Lithium and creativity

I have had the nicest week. No work at the office, so I have been riding my horse and working on my NaNoWriMo novel re-write. I may have mentioned before that while I wrote compulsively as a teenager, I had never finished a piece of fiction before this. I stopped writing fiction in college and turned to technical writing. NaNoWriMo was great because I had to complete a 50,000 word novel in 30 days. And I did it, with two days to spare.

Never having finished anything before, I have no experience with rewriting a piece of fiction. I had no idea that it could be so engrossing, and so much fun. I just came to the part where the main characters have to part and I got choked up. Silly, but true. And surprising.

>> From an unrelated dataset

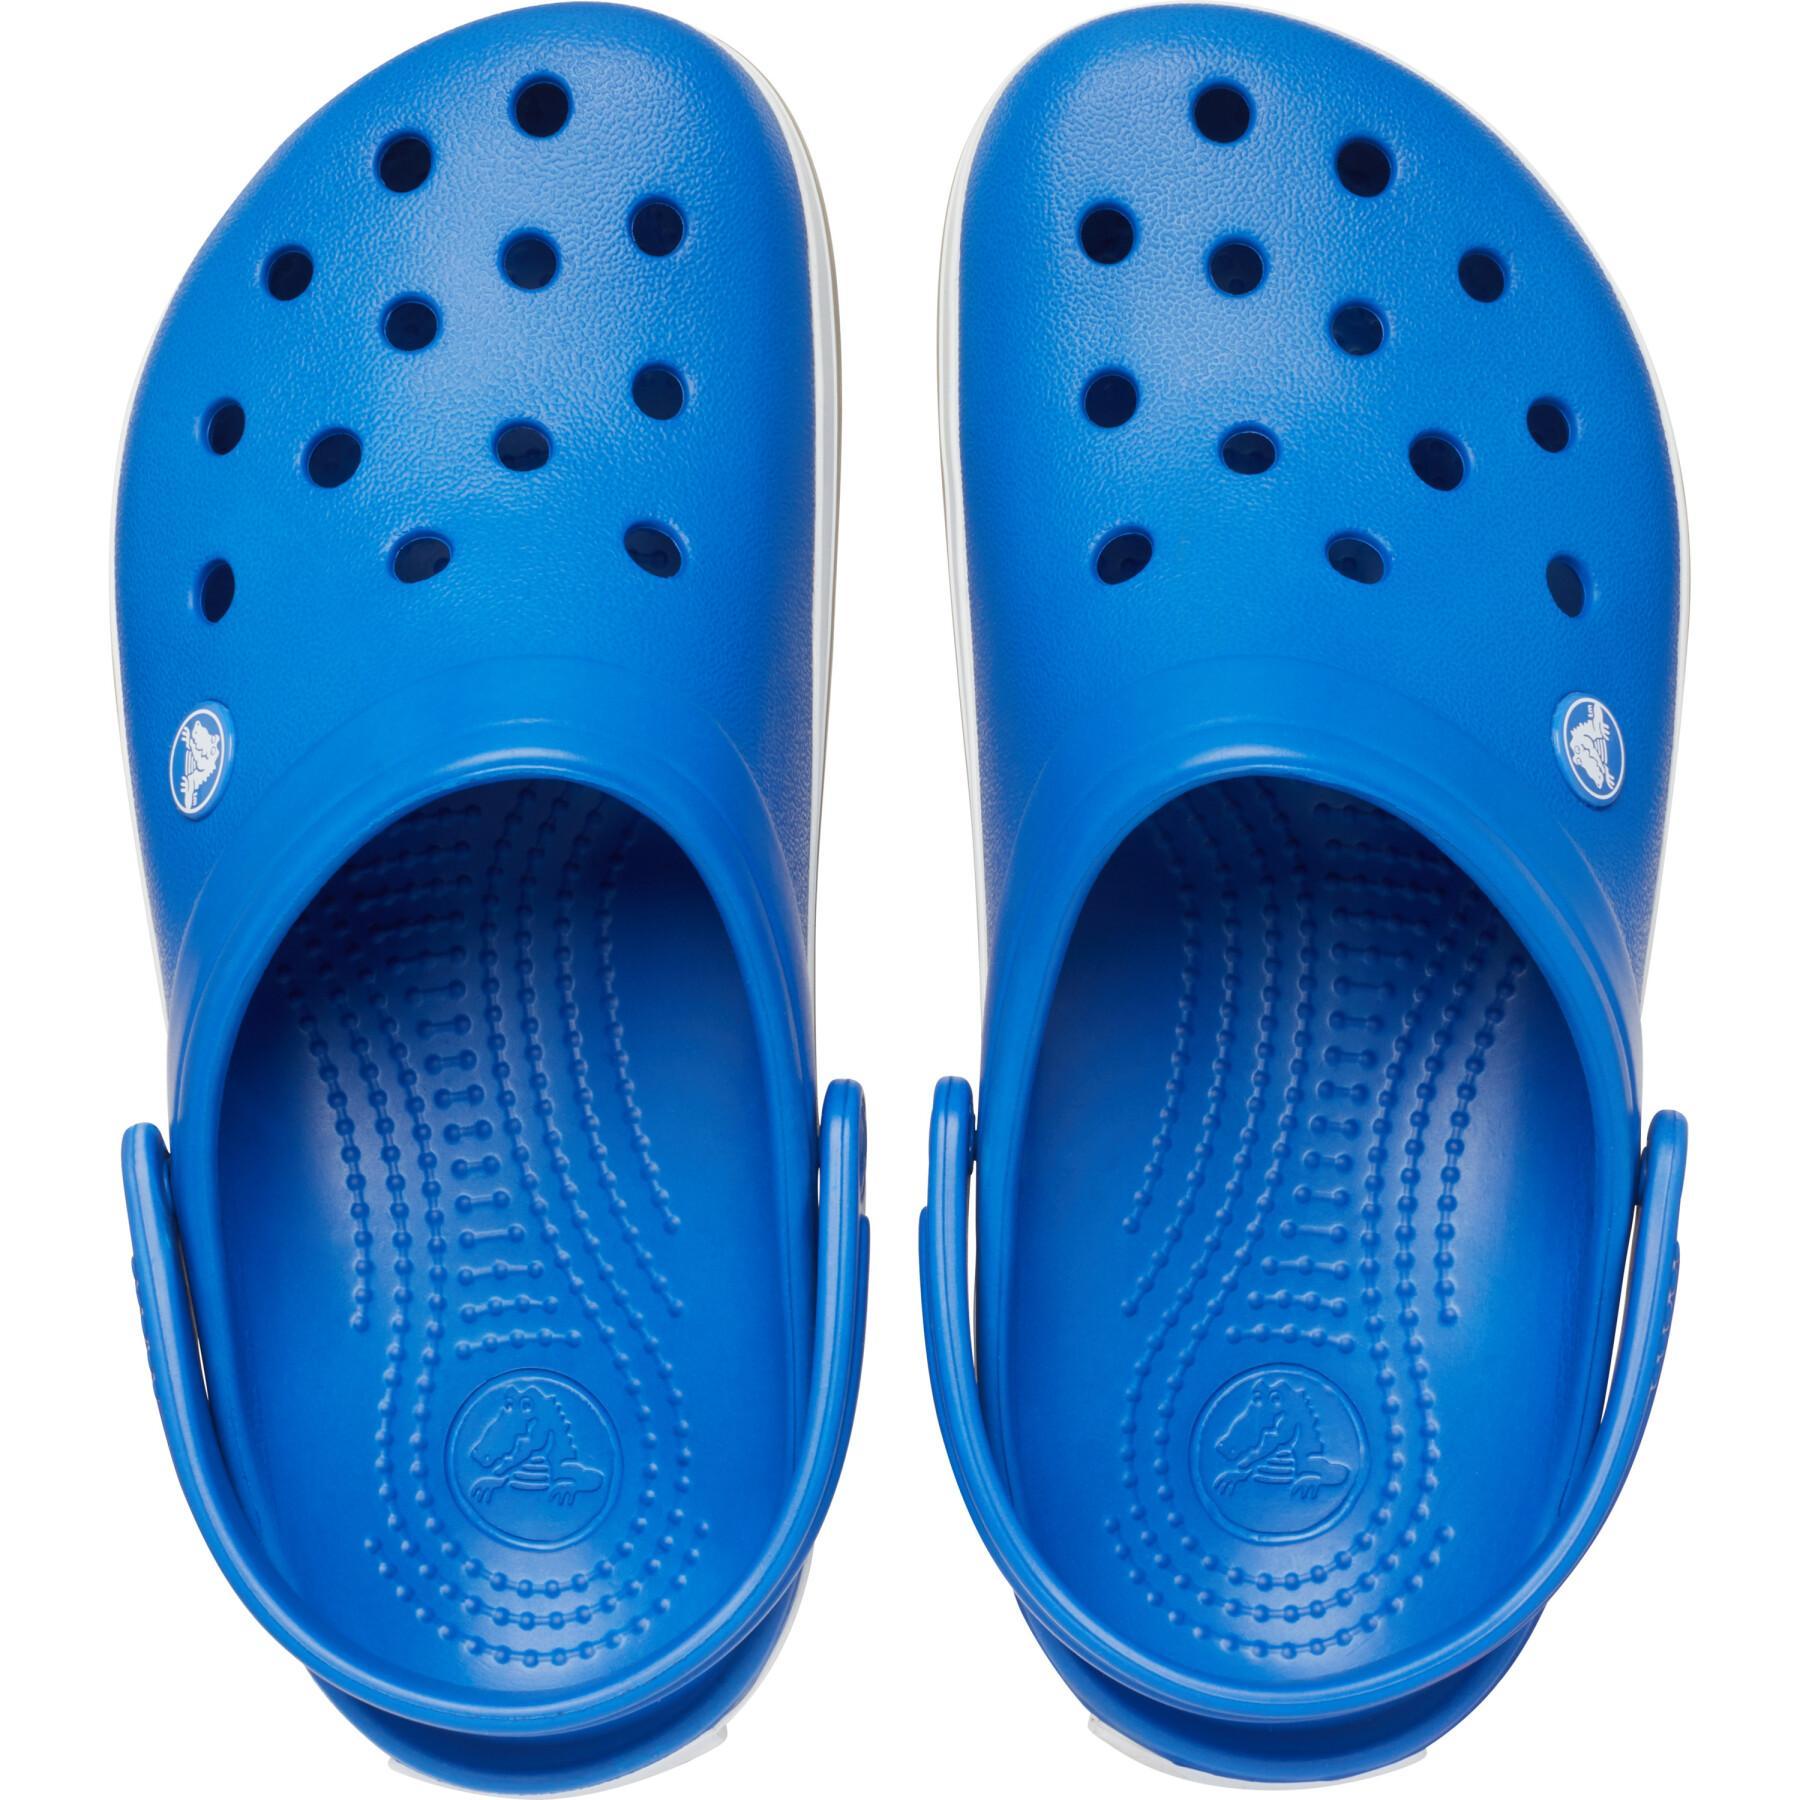 Children's clogs Crocs Crocband™

A whole new world is opening up for me. I have always been creative. I have made quilts and had photographs published, designed websites, and done other thingsbut none of them has been as exciting as this.

When I was 7 years old my father brought home his Smith-Corona typewriter and I fell in love. I started writing plays and then advanced to longer pieces, some of which I did finish...but when the BP kicked in around 8th grade the writing ceased to be a reasoned activity and became a love-hate-addiction kind of relationship. I was in the habit of writing, but went through periods when I couldn't write, and then doubted everything I had written. And then in college I just gave up. It was just too hard.

Twenty-five years have passed. I've been on Lithium for eight years now. The general bellief is that Lithium will kill your creativity, but I am no so sure about that. In these eight years I have taught myself web design and have created websites for work, charities and hobbies; I have gotten reinvolved in photography and learned a great deal about Photoshop; I have bought a horse and started to learn the complex discipline of dressage, and now...now I am rewriting MY NOVEL.

It may not be a great novel, but it is MY NOVEL. It is something I had given up planning or hoping to do. Having evidence of this thing which for so many years I wanted to do but was unable to do, is thrilling.

I owe it all to being on meds. Maybe other mood stabilizers can do the same for people; Lithium has done this for me. I wanted to write about my experience with it in order to put a positive story about it out there to let people know it can happen. Lithium doesn't mean saying goodbye to creativity.

In a lecture in 2000 at the Manic Depressive Association of Boston (highlights of lecture here "Dr. Frankenberg presented a study of bipolar artists that were asked how their creativity fared now that they were taking lithium. One-third said their creativity was great, one-third noticed no difference, and the remaining one-third thought it had suffered."